Data section:
※
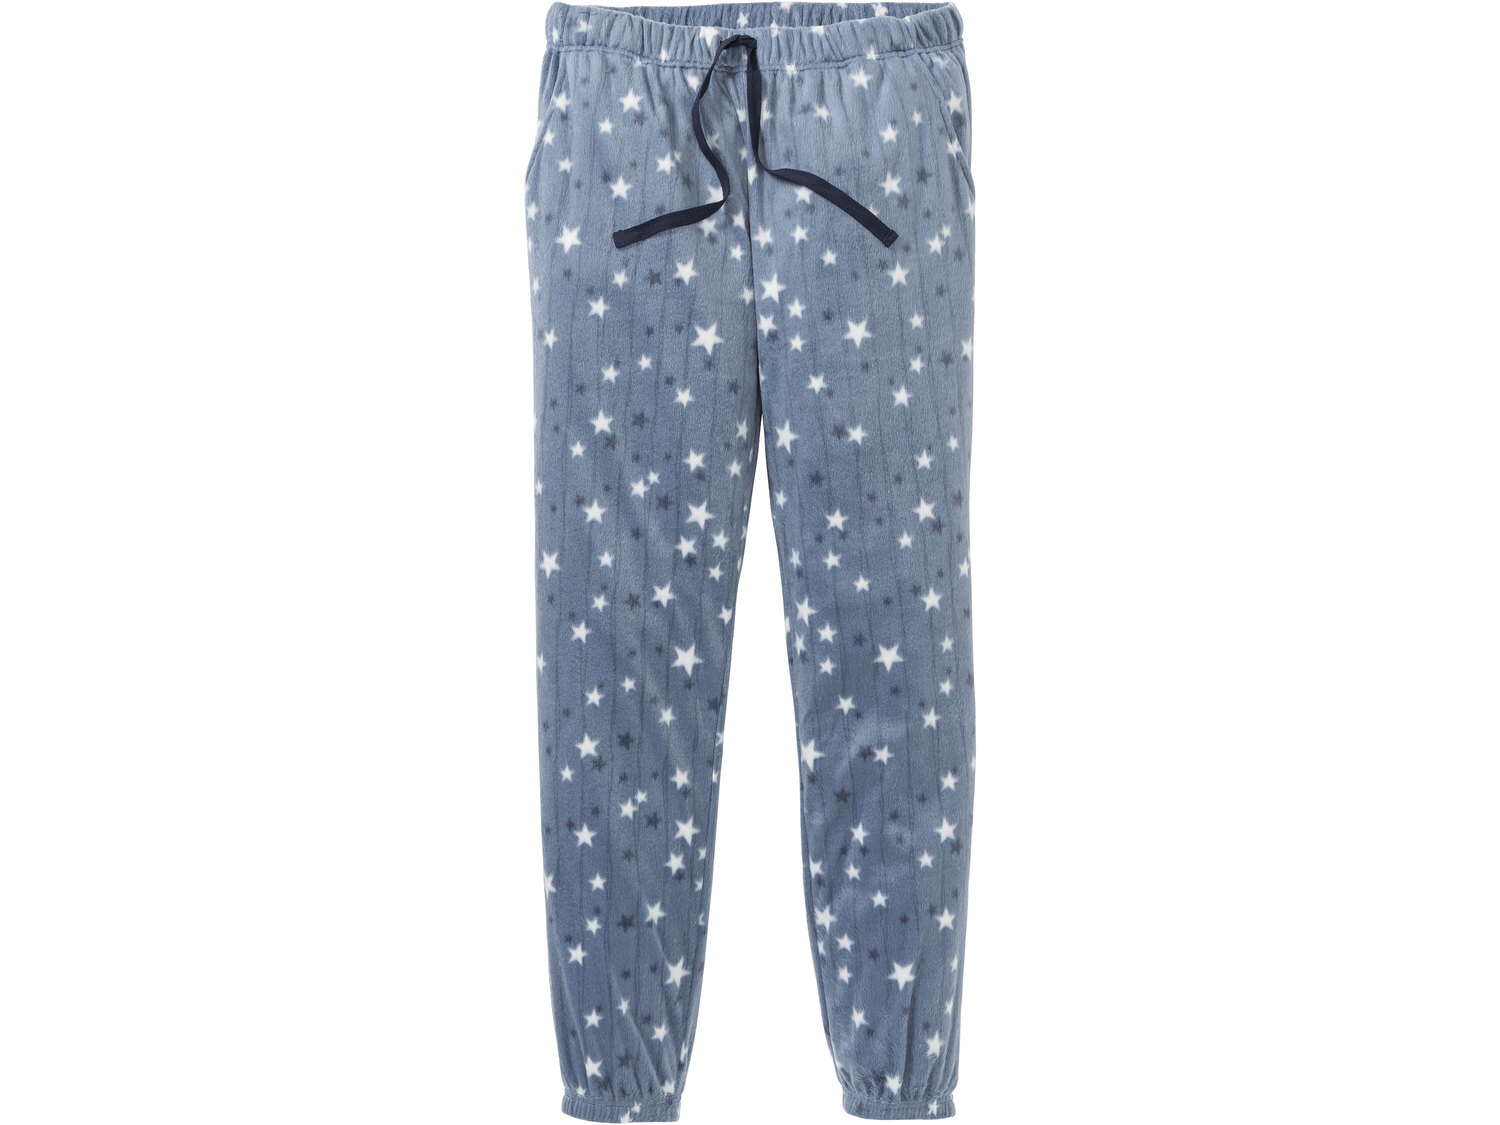 Piżama , cena 34,99 PLN 
- koszulka 100% bawełny
- spodnie z polaru
- rozmiary: ...
※
About this task:
All of the data above should be transcribed verbatim, with pictures omitted.

Task solution:
 Piżama , cena 34,99 PLN 
- koszulka 100% bawełny
- spodnie z polaru
- rozmiary: ...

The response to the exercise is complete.